- Nickname: Fort Goodwin
- Camp Goodwin (historical) Location within Arizona
- Coordinates: 33°05′20″N 110°03′29″W﻿ / ﻿33.08889°N 110.05806°W
- Country: United States
- State: Arizona
- County: Graham
- Elevation: 2,648 ft (807 m)
- Time zone: UTC-7 (Mountain (MST))
- GNIS feature ID: 23918

= Camp Goodwin =

Camp Goodwin, and Fort Goodwin, a historical locale, at an elevation of 2648 feet, located in Graham County, Arizona.

==History==

Camp Goodwin, then Fort Goodwin, was constructed in June 1864 by the California Volunteers, of the Union Army in Arizona Territory for a base for prosecuting the 1861-1872 Apache War and protecting settlers in the Upper Gila River region. It was named for Arizona's first territorial governor, John N. Goodwin. The adobe buildings it was constructed with began to crumble in a few years due to poor construction. Additionally the camp was plagued by malaria from mosquitoes in the cienega fed by the nearby spring from which the fort obtained its water. Called Camp Goodwin again from 1866, the camp was abandoned by the Army in March, 1871 due to the illness caused by malaria.

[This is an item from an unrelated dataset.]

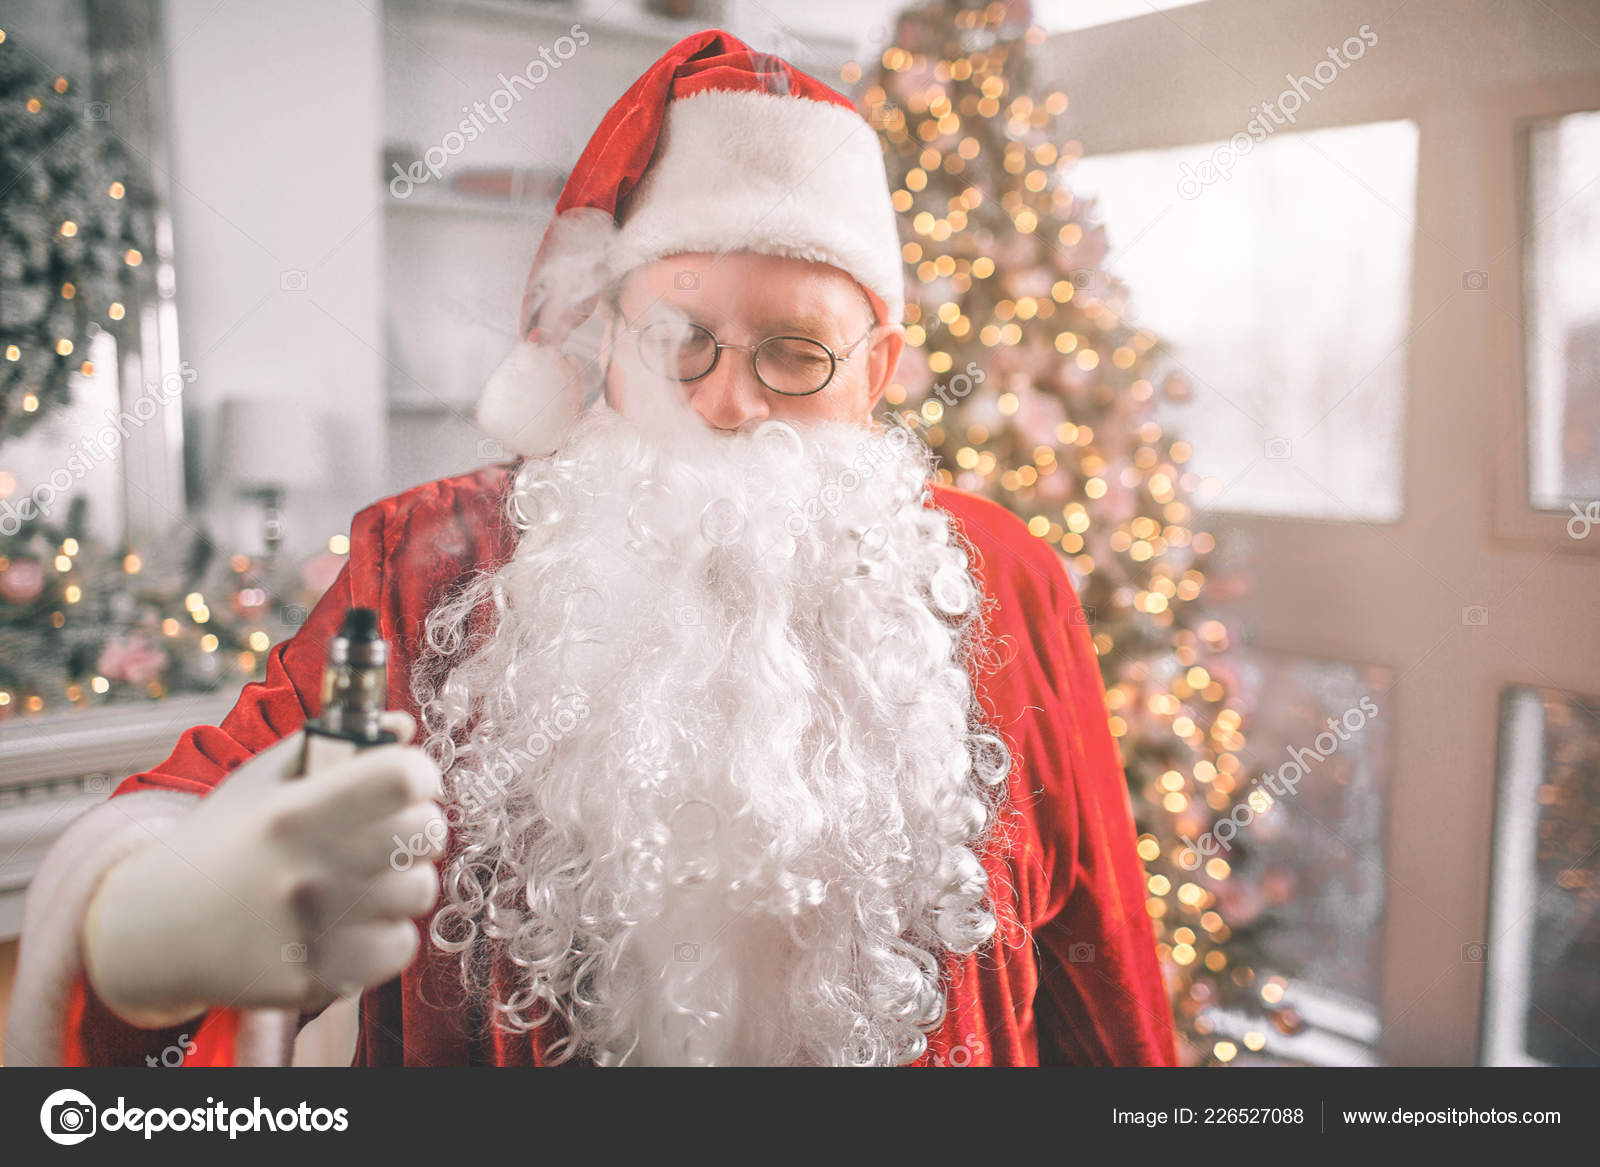 Entspannter Mann im Weihnachtsmann-Kostüm steht und hält Vapiano in der  Hand. Rauch dringt aus seinem Mund. Er ist entspannt. - Stockfotografie:  lizenzfreie Fotos © Estradaanton 226527088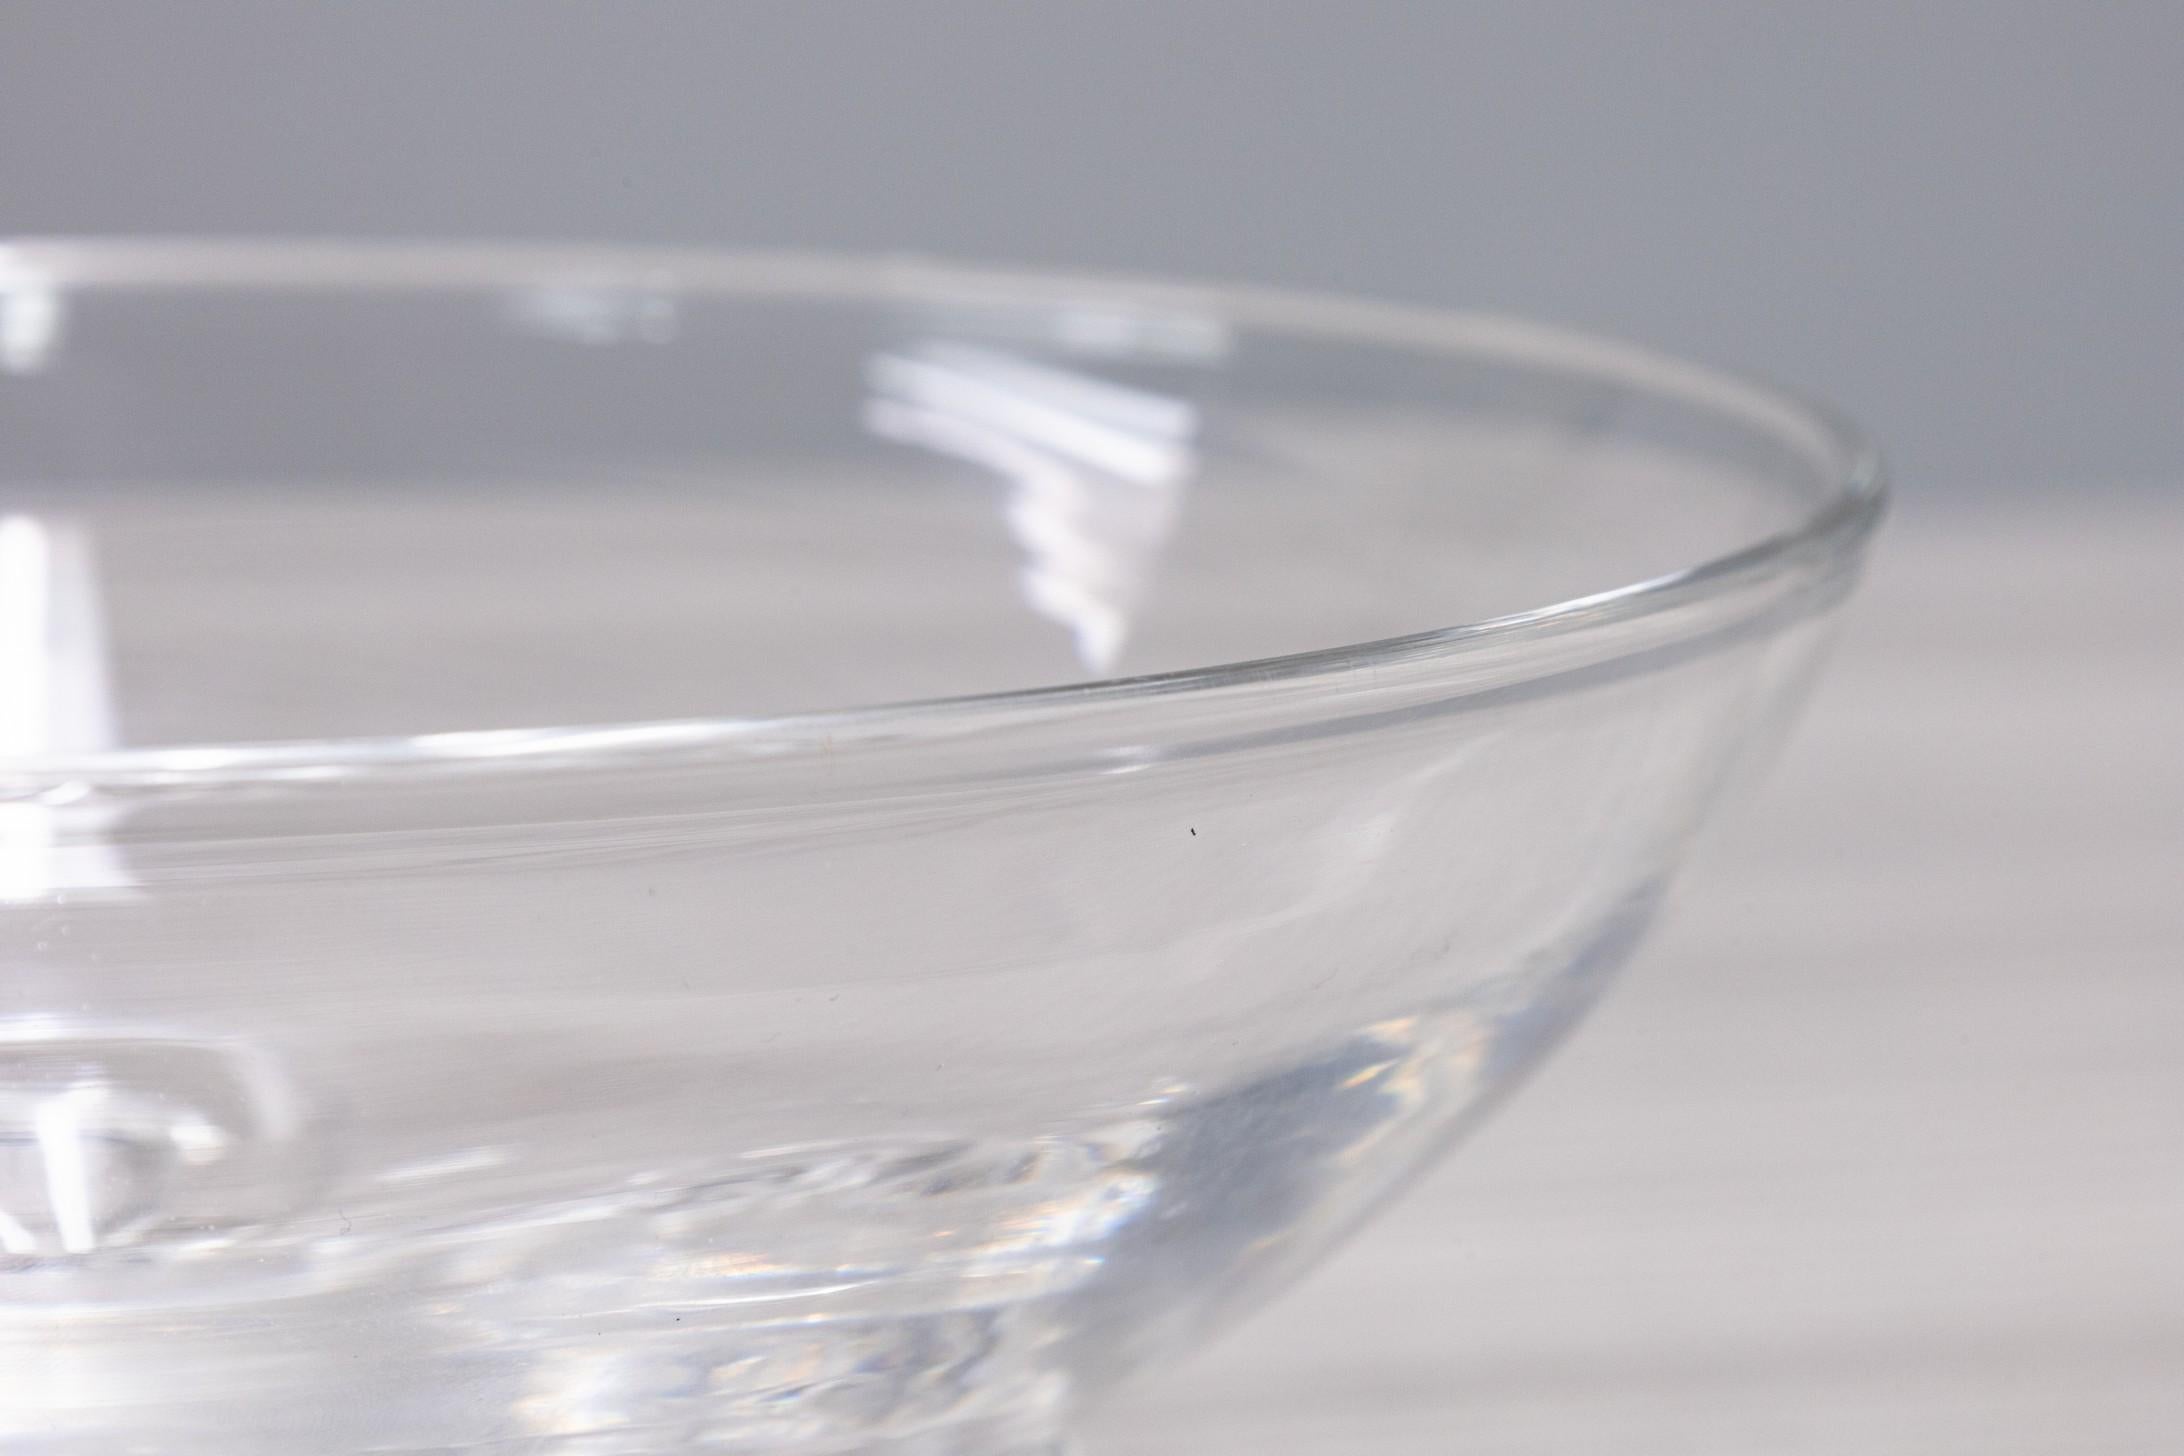 Un étonnant bol classique en verre de Steuben de l'artiste Donald Pollard. Cette petite coupe en cristal présente un élégant bord fin, qui descend jusqu'à trois pieds en boucle entourant la base. Cette pièce est signée sur la face inférieure. Il

The camp was subsequently used as a subagency of the San Carlos Apache Indian Reservation until about 1884.

Today the site is located on farmland not far from the ghost town of Geronimo. Nothing remains of the post, the only physical marker is a Bureau of Land Management survey marker which indicates the original site of its flagpole.